Step-by-Step Approach

  1. If intervals list is empty, return 0
  2. Sort intervals by ascending end time
  3. Set count = 0 (number removed)
  4. Track prevEnd = intervals[0].end
  5. Loop through remaining intervals:
    • If interval.start < prevEnd → overlap → increment count
    • Else → update prevEnd to interval.end
  6. Return count

Java Implementation

class Solution {
    public int eraseOverlapIntervals(int[][] intervals) {
        if (intervals.length == 0) {
            return 0;
        }
        
        Arrays.sort(intervals, (a, b) -> Integer.compare(a[1], b[1]));
        
        int removals = 0;
        int prevEnd = intervals[0][1];
        
        for (int i = 1; i < intervals.length; i++) {
            if (intervals[i][0] < prevEnd) {
                removals++;
            } else {
                prevEnd = intervals[i][1];
            }
        }
        
        return removals;
    }
}

Dry Run Example

Input:

[[1,2],[2,3],[3,4],[1,3]]

Step 1 — Sort by end time

Sorted:

[1,2], [1,3], [2,3], [3,4]

Step 2 — Process intervals

Start:

prevEnd = 2
removals = 0

Check [1,3]:

1 < 2 → overlaps → removals = 1
(prevEnd unchanged)

Check [2,3]:

2 < 2 → NO overlap → prevEnd = 3

Check [3,4]:

3 < 3 → NO overlap → prevEnd = 4

Final result:

removals = 1

Output:

1

Time and Space Complexity

Time Complexity

O(n log n)

Due to sorting — traversal is linear.

Space Complexity

O(1)

Sorting done in place.


Common Mistakes and How to Avoid Them

Mistake 1: Sorting by start time

Sorting by start time does NOT guarantee minimal removals.

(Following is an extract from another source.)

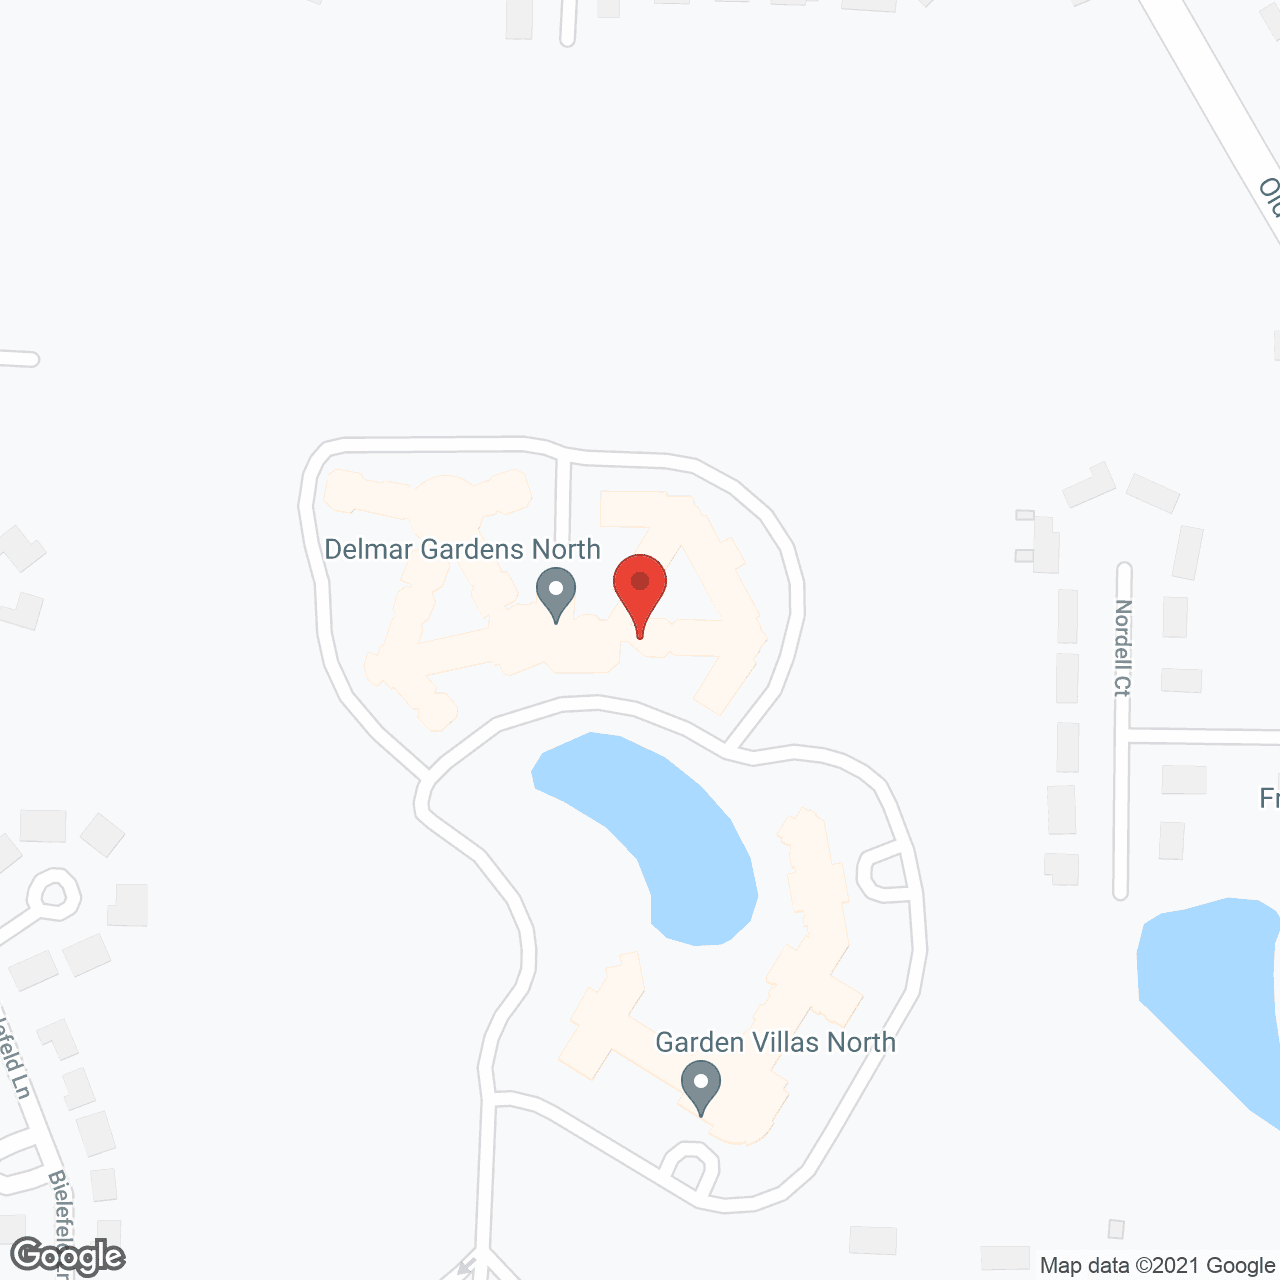 Delmar Gardens North in google map

Mistake 2: Removing longest interval instead of earliest-ending

Greedy must prioritize shortest end.

Mistake 3: Misidentifying overlap

Overlap rule:

current.start < prev.end

Mistake 4: Trying dynamic programming

DP works but is unnecessary and slower.

Mistake 5: Thinking touching intervals overlap

Intervals such as [1,2] and [2,3] do not overlap.